Arm co-founder Hermann Hauser.
LONDON — The European Innovation Council has encountered some early setbacks but is now headed in the right direction, according to a vice chair of the advisory board Hermann Hauser, who became a venture capitalist after helping to set up chip designer Arm.
The EIC has been given 10 billion euros ($12 billion) to invest in European start-ups between 2021 and 2027 as part of the EU’s Horizon initiative. It will invest up to 15 million euros in a particular start-up in exchange for a maximum stake of 10-25%.
“I never thought Brussels would go for this but we are allowed to do equity investments, and this is unbelievable,” Hauser told CNBC from his farm in New Zealand, where he has been stuck since last March as a result of the coronavirus pandemic.
“This is beginning,” said Hauser, who wants to see the money invested in companies focusing on AI, machine learning, quantum computing, and blockchain technologies. “We’ve got start-up problems and I wouldn’t say that it’s a perfectly smooth machine, but it’s beginning to work quite well.”
Hauser said the EIC’s start-up problems existed because it had delays in setting up all the necessary procedures. The fund’s 10 billion euro budget was confirmed in December following a four-year pilot that saw 2 billion euros invested.
The EIC was set up by the European Commission, the EU’s executive arm, to try to help start-ups across Europe to scale up and compete with rivals in the U.S. and Asia, which have spawned several tech giants with market caps that run well into hundreds of billions of dollars.
In the U.S. there’s Google, Apple, Amazon, Facebook, Microsoft, and so on. In China there’s Huawei, Alibaba, Baidu, and others. In Europe, there’s a handful of tech companies valued in the tens of billions — think Adyen, Spotify and Arm — and next to none valued at over $100 billion, except SAP and ASML.
European politicians have also expressed a desire to start sourcing more essential digital services from European companies as opposed to foreign ones.
“Europe doesn’t have a start-up problem,” said Hauser, who is also a venture partner in Amadeus Capital in Cambridge. “We produce more start-ups than the U.S. Europe has a scale-up problem and a deep tech finance problem. Both of which are addressed by the EIC.”
So far, the EIC has made 48 investments, spending 180 million euros in the process, according to Hauser. One recipient, French start-up CorWave, is developing pumps that can help people with heart failure.
However, some tech investors and entrepreneurs raised concerns that Brussels doesn’t know how to spot, support and invest in promising start-ups.
Hauser said he had similar concerns: “Of course, the thing that I was immediately worried about was … don’t let the Brussels guys decide who to invest in or not,” he said.
To get around this issue, Hauser introduced a rule that means the EIC fund can only invest in a start-up’s funding round when the majority of the money is coming from private investors.
“It needs the VC community because it’s not allowed to make any investment unless the majority of the money comes from the market,” he said.

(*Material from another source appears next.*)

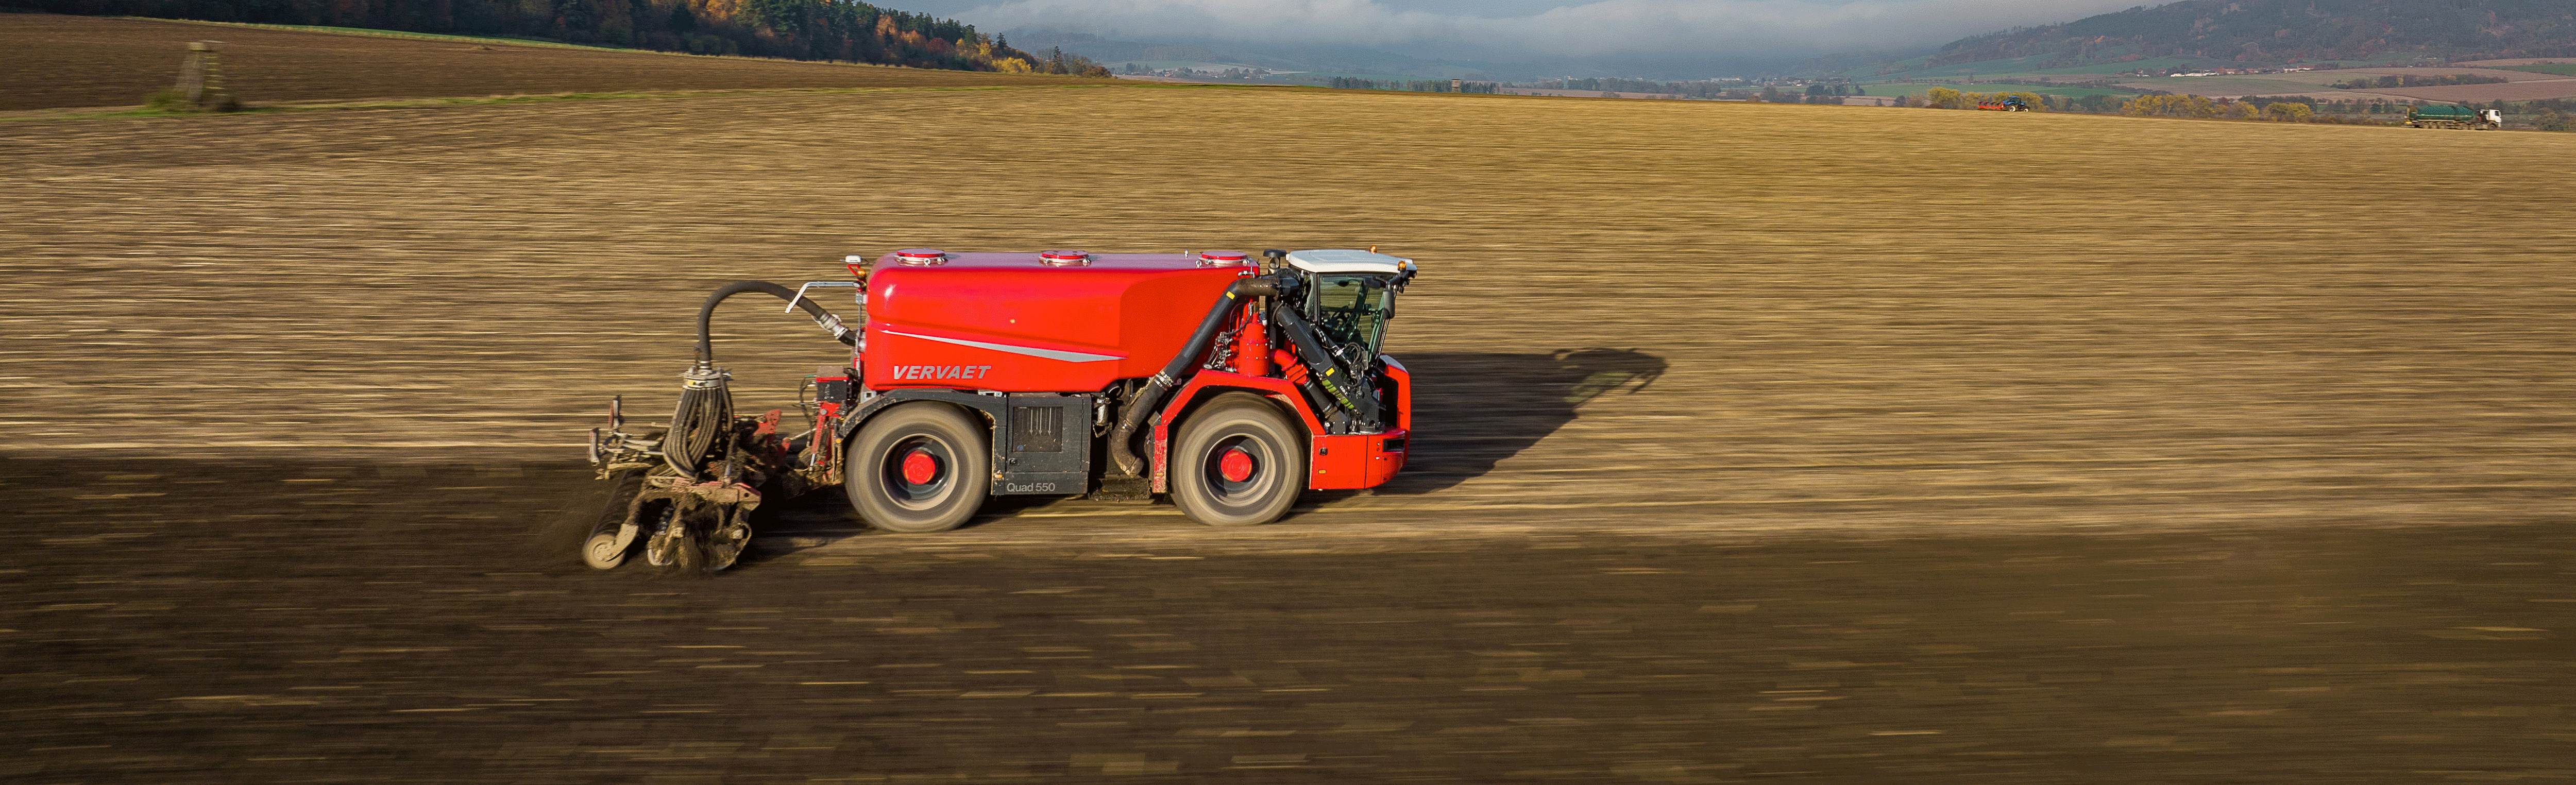 Červený traktor s jednoosou cisternou na poli

Hauser said the EIC also has the advantage of being so close to the well-established European Research Council, which he thinks has backed some of the best tech projects in Europe. “So in terms of the technical due diligence, I think we actually have something to bring to the party for the VCs,” he said.
Hauser said he expects the EIC fund to invest roughly 1.5 billion euros this year and every other year between now and 2027.
“We will be by far the largest deep technology investor in Europe,” he said, adding that the EIC can invest up to 15 million euros in each company. Deep tech start-ups are those focused on developing technology underpinned by substantial scientific or engineering challenges.
Hauser said the EIC will also offer grants to some start-ups alongside the investment that it makes in them.
“Many of our investments are actually blended investments,” he said. “This makes deep technology deals that might be hard to finance in Europe much more attractive because we can sweeten the deal for the VC community to come in,” Hauser added.
But former Andreessen Horowitz investor Benedict Evans, who is now a venture partner at Mosaic Ventures in London, took to Twitter to warn start-ups not to take money from the EIC fund. He raised concerns about how much equity the EIC plans to take in start-ups and said that it “seems like a guaranteed way to kill any companies unwise enough to engage.”
Kerstin Bock, a member of the EIC fund’s investment committee, said the fund has some of the friendliest deal terms for tech founders out there and stressed that 25% is the maximum equity stake that the fund would ever take.
“I think there’s been a little bit of miscommunication from the Commission’s side,” she said.